A principle challenge to comparing research results is the variable approaches to identifying and selecting patients; variability in the definition of TRD; and variability in the clinical, provider-generated, patient-generated, and administrative data used to identify predictors. Some studies of TRD predictors were limited to clinical populations with smaller sample sizes and clinical data that are not readily accessible in EHR or claims datasets.13,21 In a similarly constructed retrospective cohort analysis, limited to claims data only from nearly 231,000 commercially insured individuals initiating antidepressant treatment, Cepeda et al. (2018) reported on risk factors for TRD identified within the first year of treatment.18 At a mean of 37 years, this population was substantially younger than ours, and the follow-up period was limited to 12 months, which may explain the substantially lower rate of TRD (10.3%). Nonetheless, several risk factors were consistent, including indications that anxiety, insomnia, and pain were associated with patients who met criteria for TRD.
In our population, TRD was more likely among individuals who experienced a delay between the first major depressive diagnostic code and the initiation of treatment. These results are consistent with other research that indicates delayed treatment initiation results in poorer treatment response,21,22 poorer clinical outcomes and increased disability,23 and more severe long-term depression symptoms.24
Delays in initiating treatment are similar, conceptually, to the concept of clinical inertia as unwarranted variation in care. Using an empirical definition of treatment resistance that replicated that used by Amos et al.,10 we observed an average time to TRD qualification of 402 days. Although there has been some recent criticism regarding the term “clinical inertia” for being insufficiently specific to differentiate intentional delays in care from true clinical inaction,25 the literature is clear that both are present in the management of patients with chronic diseases.
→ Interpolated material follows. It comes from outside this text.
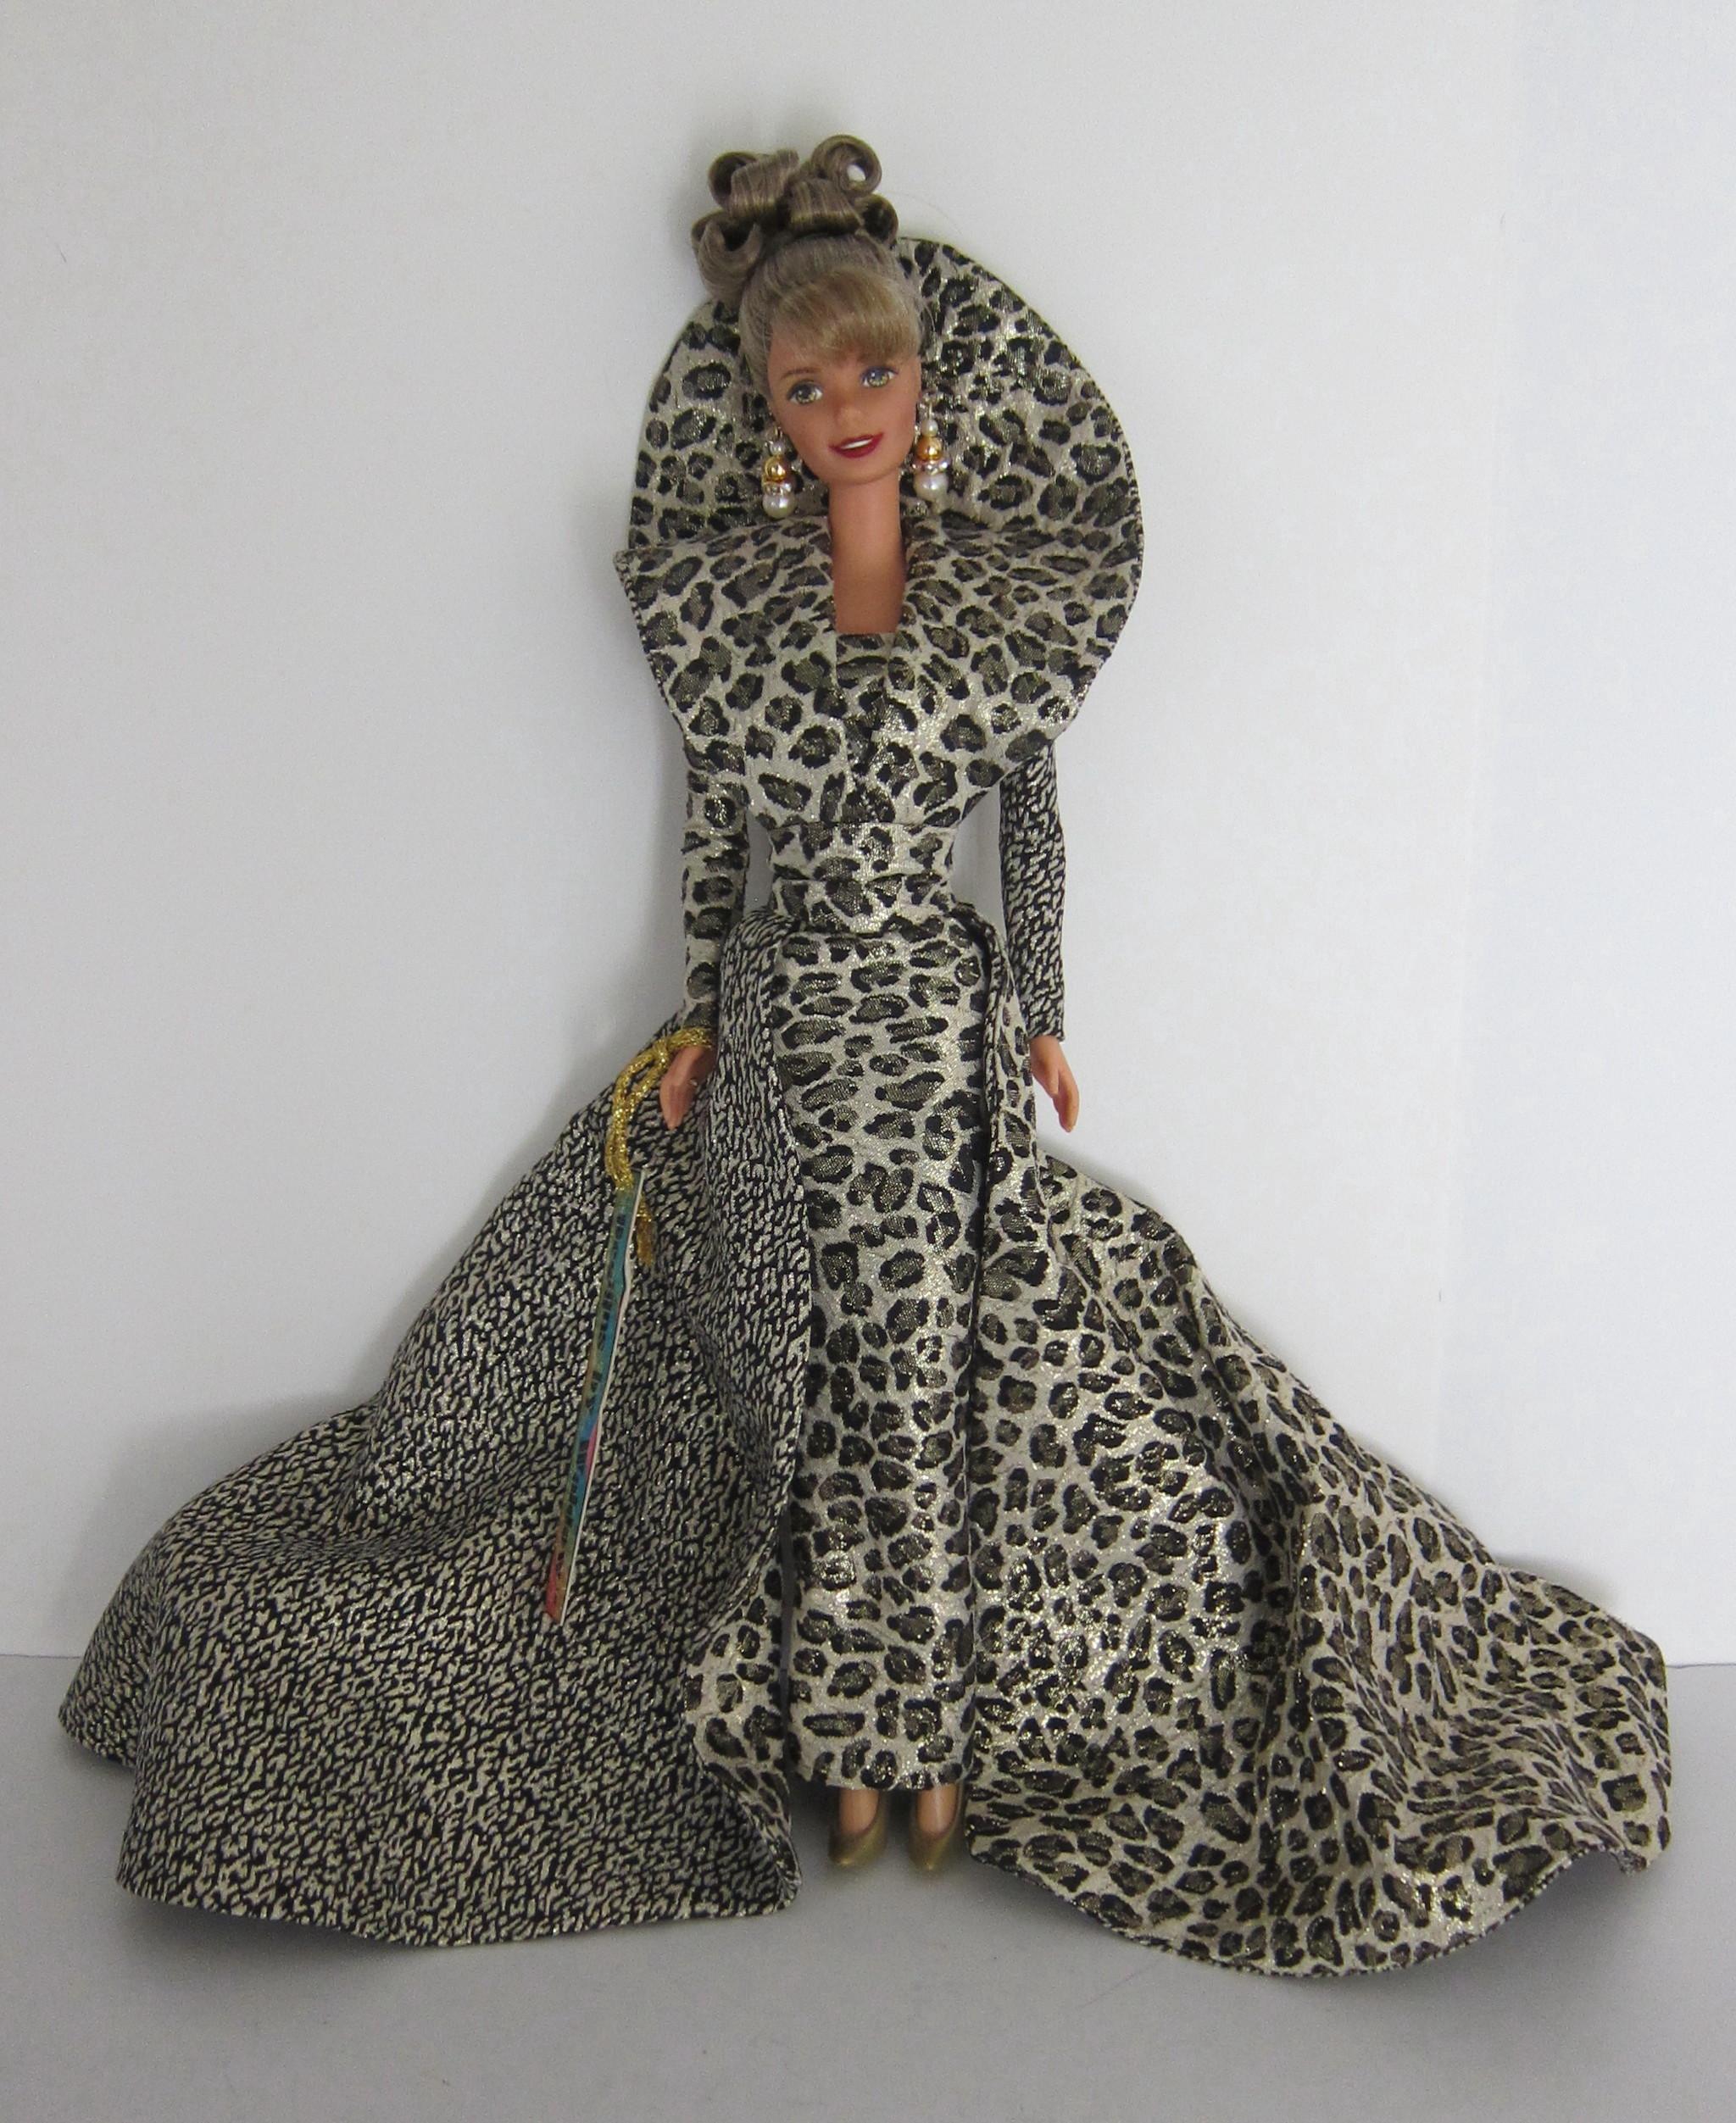 Bill Waldow OOAK Artist Barbie Doll in Leopard Print Gown on Storenvy

Aujoulat et al. (2014) propose a series of contributors to inertia, including provider knowledge of and attitude toward evidence-based guidelines; provider clinical judgment and experience in a particular clinical situation; provider awareness of patient attitudes, behaviors, and preferences; and providers’ ability to make the appropriate decision.26
Treatment resistance may have a clinical definition at the individual level, but at the population level, TRD is a nonspecific classification that generally refers to patients who simply have not responded to the therapeutic options attempted rather than a clinical trait representing a truly intractable form of MDD.27 In our study, evidence that a classification as treatment resistant is, at least in part, tied to variation in management is found in the factors predictive of TRD, most importantly, that patients receiving outpatient psychotherapeutic care or under the care of a psychiatrist is associated with lower odds of TRD. These results suggest that more aggressive, guideline-aligned care can result in more patients with adequate treatment responses and fewer patients meeting criteria for TRD.
Another contributor to clinical inertia and the long delay to the assignment of TRD is likely the limited use of measurement-based care. Defined as “enhanced precision and consistency in disease assessment, tracking, and treatment to achieve optimal outcomes,”28 measurement-based care incorporates the systematic administration and use of symptom rating scales to support clinical decision making, patient engagement, and monitoring of treatment response. A recently published randomized controlled trial reported that patients with major depression who received measurement-based care had substantially (and significantly) higher response and remission rates, both of which were achieved over a substantially shorter time period.29 These results are leading to calls for greater inclusion of measurement in clinical practice, particularly in behavioral health.30 In our dataset, the 9-item Patient Health Questionnaire,31 which is among the most common standard instruments used by clinicians to manage MDD,32 was reported for only 1.5% MDD patients.

Strengths and Limitations

Our research is consistent with previous research results and extends that work by identifying a comprehensive array of variables readily available to health systems, payers, and accountable care organizations. We analyzed a large-scale, national U.S. population of individuals initiating antidepressant treatment, providing an opportunity to control for numerous characteristics that have biased studies in smaller samples. The analytic design of this study was cross-sectional, meaning that some of the predictors derived from the same measurement period that also contained the data of conversion to TRD. As TRD may, in fact, be a physiologic trait that is revealed through multiple treatment failures, it can be argued that all predictors are cross-sectional. The set of predictive features can be used individually or in a full model, providing organizations with an opportunity to identify at-risk patients early in their treatment course.
The integrated clinical and claims dataset used were still restricted to transactional data with limited insights from the clinical narrative. Despite including EHR data, there was a near complete lack of patient-generated health data, which is essential for accurate assessment of depression severity and treatment response. Despite this, we were able to develop a predictive model with sufficient accuracy to have value in everyday practice. This suggests that the additional insights available within the clinical narrative could only enhance this model. Future research should focus on validation of the model in additional populations, enhancement of the model with insights from the narrative, and evaluation of efforts to implement the model.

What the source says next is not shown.